On Tue, Feb 1, 2011 at 8:17 PM, brian avants <stnava at gmail.com> wrote:

> hi jeremy , cristina
>
> here is a brief latex sketch of the method used in the
> FEMCrankNicolsonSolver --
>
> \text{matrix form parabolic PDE, heat equation type} \\
> M\frac{ \partial U}{\partial t} +  K U  = f \\
> \frac{ M U_t - M  U_{t-1}}{\delta_t} +  K U  = f \\
> \frac{ M U_t - M  U_{t-1} +  \delta_t K U }{\delta_t} = f \\
> \text{ here i make the decision to represent $U$ and $f$ at $t$ rather
> than $t-1$ i believe this is backward Euler}\\
> ( M  + \delta_t K ) U_t  =  M  U_{t-1} + \delta_t f_t \\
> \\
> \text{other choices are possible, e.g. } \\
> \text{ Crank-Nicolson discretization is based on averaging forward and
> backward Euler } \\
> ( M + \alpha \delta_t K ) U_t = (  M - ( 1- \alpha ) \delta_t  K )
> U_{t-1} + f \\
>  f  =  \delta_t ( \alpha f_t + ( 1 - \alpha ) f_{t-1} ) \\
> \\
> \text{if}~ \alpha = 1 \text{ backward Euler }\\
> ( M +  \delta_t K ) U_t = M  U_{t-1} + \delta_t f \\
> \\
> \text{if}~ \alpha = 0 \text{ forward Euler }\\
>  M U_t =(  M - \delta_t  K ) U_{t-1} + \delta_t f_{t-1}
>
> hopefully this is helpful.
>
> brian
>
>
>
>
> On Tue, Feb 1, 2011 at 4:01 PM, Jeremy Bournesel
> <jeremy.bournesel at gmail.com> wrote:
> > Hi,
> > I have a decent background regarding FEM in the engineering domain and
> have
> > started looking at it for registering medical images as well.

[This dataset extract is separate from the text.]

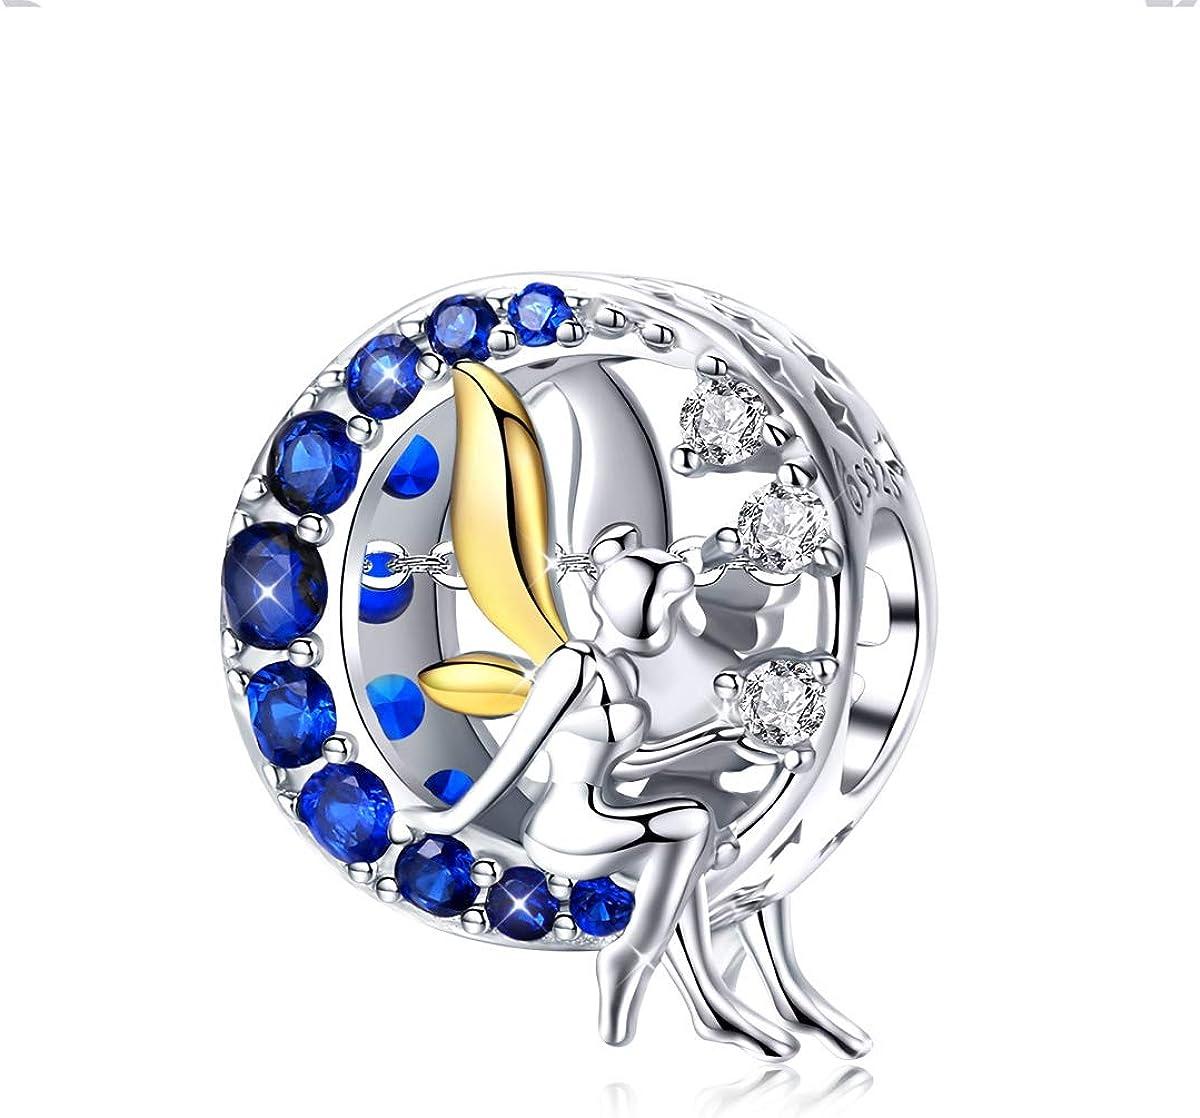 Abalorio de ángel de plata de ley 925 con diseño de luna azul y lunar, con circonita cúbica, compatible con pulseras europeas Pandora

> > I ran one of the ITK deformable registration demos, read the Software
> Guide
> > and the ITK Powerpoint Presentations, however there is still some magic
> > going on that I don't completely get.
> > From what I understand ITK is using a uniform grid/mesh (if a custom one
> > wasn't supplied) and then calculates the deformation for every element at
> > the nodal points (iteratively).
> > I couldn't find any information on how the exact process is working
> (besides
> > some high level slides of the type K U = F).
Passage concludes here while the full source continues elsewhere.